孤独であった少女に愛情を
「え、鷹城家の跡取り?!」

秘書の人の声が少しだけ聞こえてきた後、
母の驚く声とともにそこの場は静まり返った。

私は電話越しに聞こえてきた言葉に驚愕する。

『鷹城家』

それは、A家なんて比べものにならない

日本で一二を争う名家中の名家。

先生がそんなところの次期当主?

私は衝撃的な事実に驚きながらも、あっちがどうなっているのかと気になり電話に耳を傾ける。

「なんと…!

鷹城家のお坊ちゃんでしたか。

そうとは知らず、それはそれは失礼を致しました。

何用で鷹城家のお坊ちゃんがこのような所に。

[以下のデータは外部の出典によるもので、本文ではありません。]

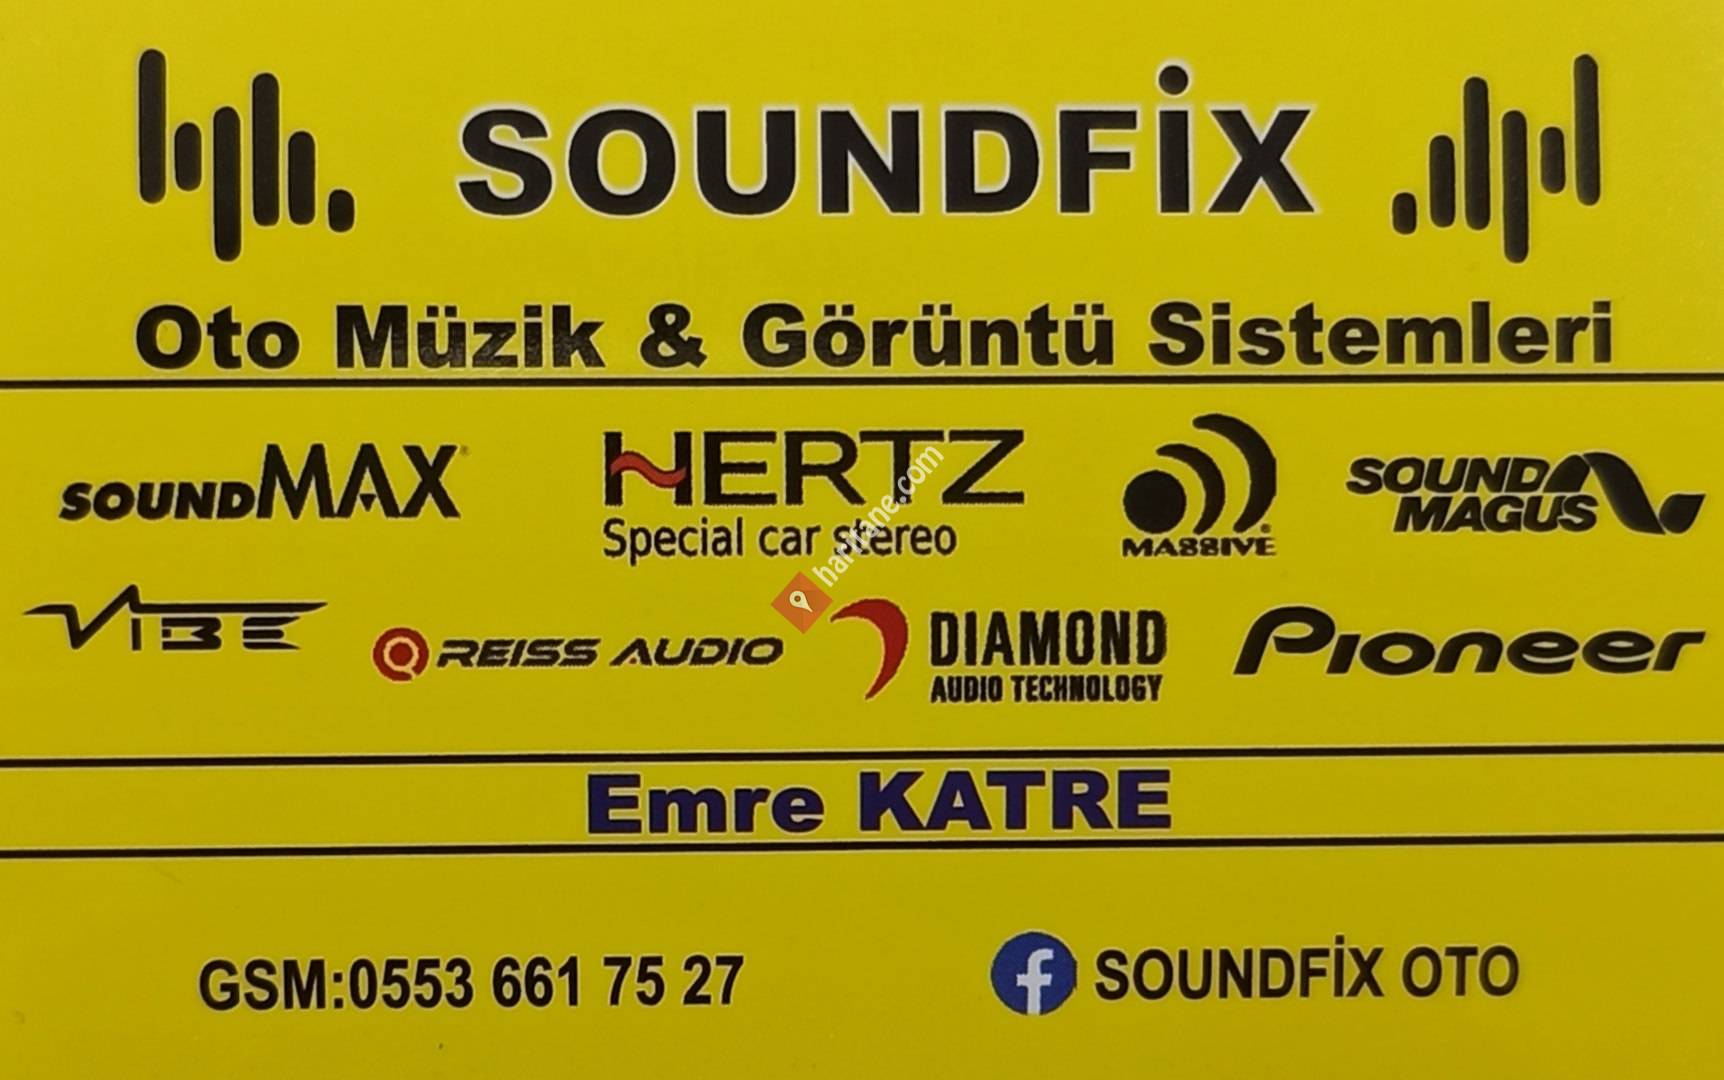 SoundFix oto görüntü ve ses sistemleri
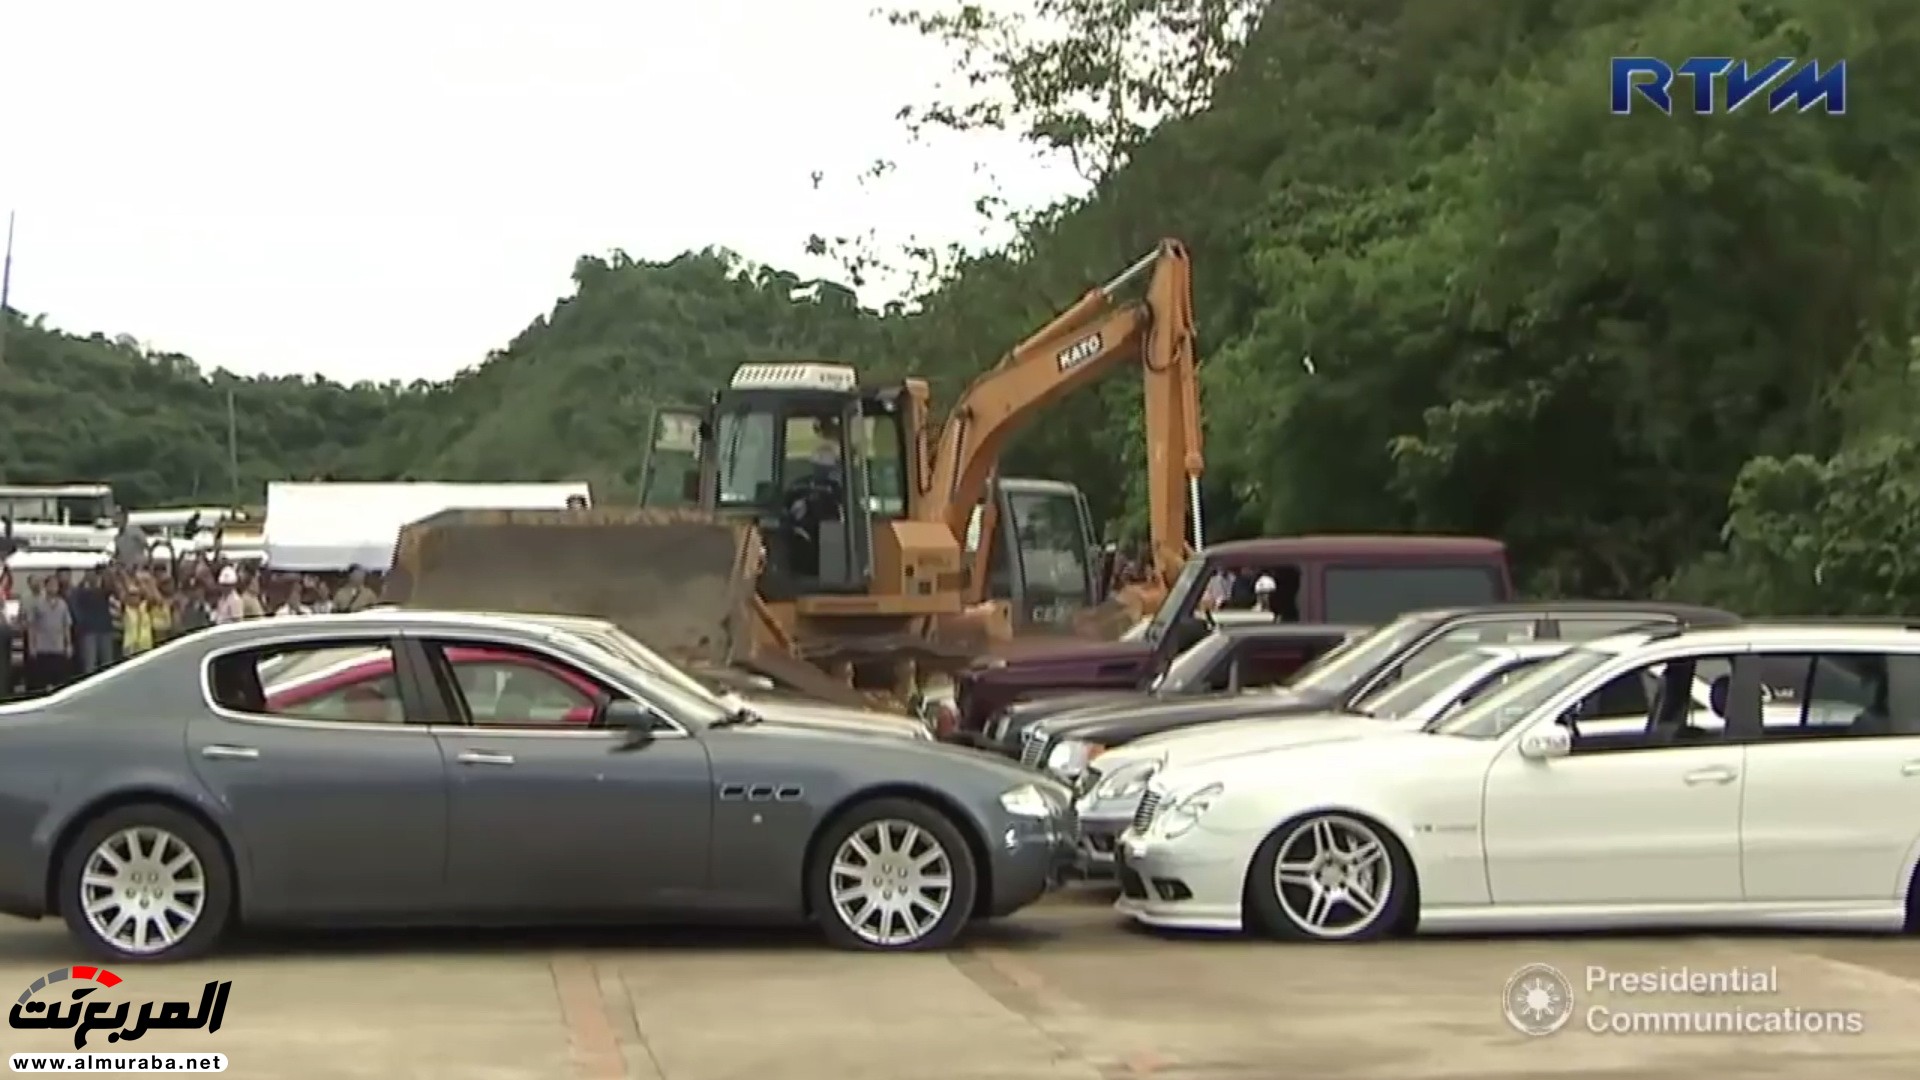 الحكومة الفلبينية تدمر 14 سيارة نادرة بقيمة 2 مليار ريال 34

」

祖母は正気を取り戻し、落ち着いた声でそう言った。

「娘さんを、少しの間預からせていただきたいたいのです。」

「預かる、ですか…。何故、あの子を?」

「アザがありました。

Aさんの妹が亡くなった時にあなたがAさんに言ったことも、聞きました。」

せんせい。

「あの子はなって事を。」

「勘違いなさらないでください。Aさんは話そうとはしませんでしたが、私がアザに気づき問い詰めたのです。」

「Aはなんと?」

祖母の声が急に弱くなる。

「なにも。

ただ、自分はこの家には都合の悪いものだ、と。

そう目に涙を溜めて言っていました。

仕方のない事だと。」

私は電話を持たない手の方で胸をギュッと押さえた。

「Aが、そんな事を…。」

祖母の力無い声が聞こえてきた。

「はい。」

「そうですか。」

沈黙が流れ、再び祖母が話を始めた。

「Aなら分かってくれると思ったのです。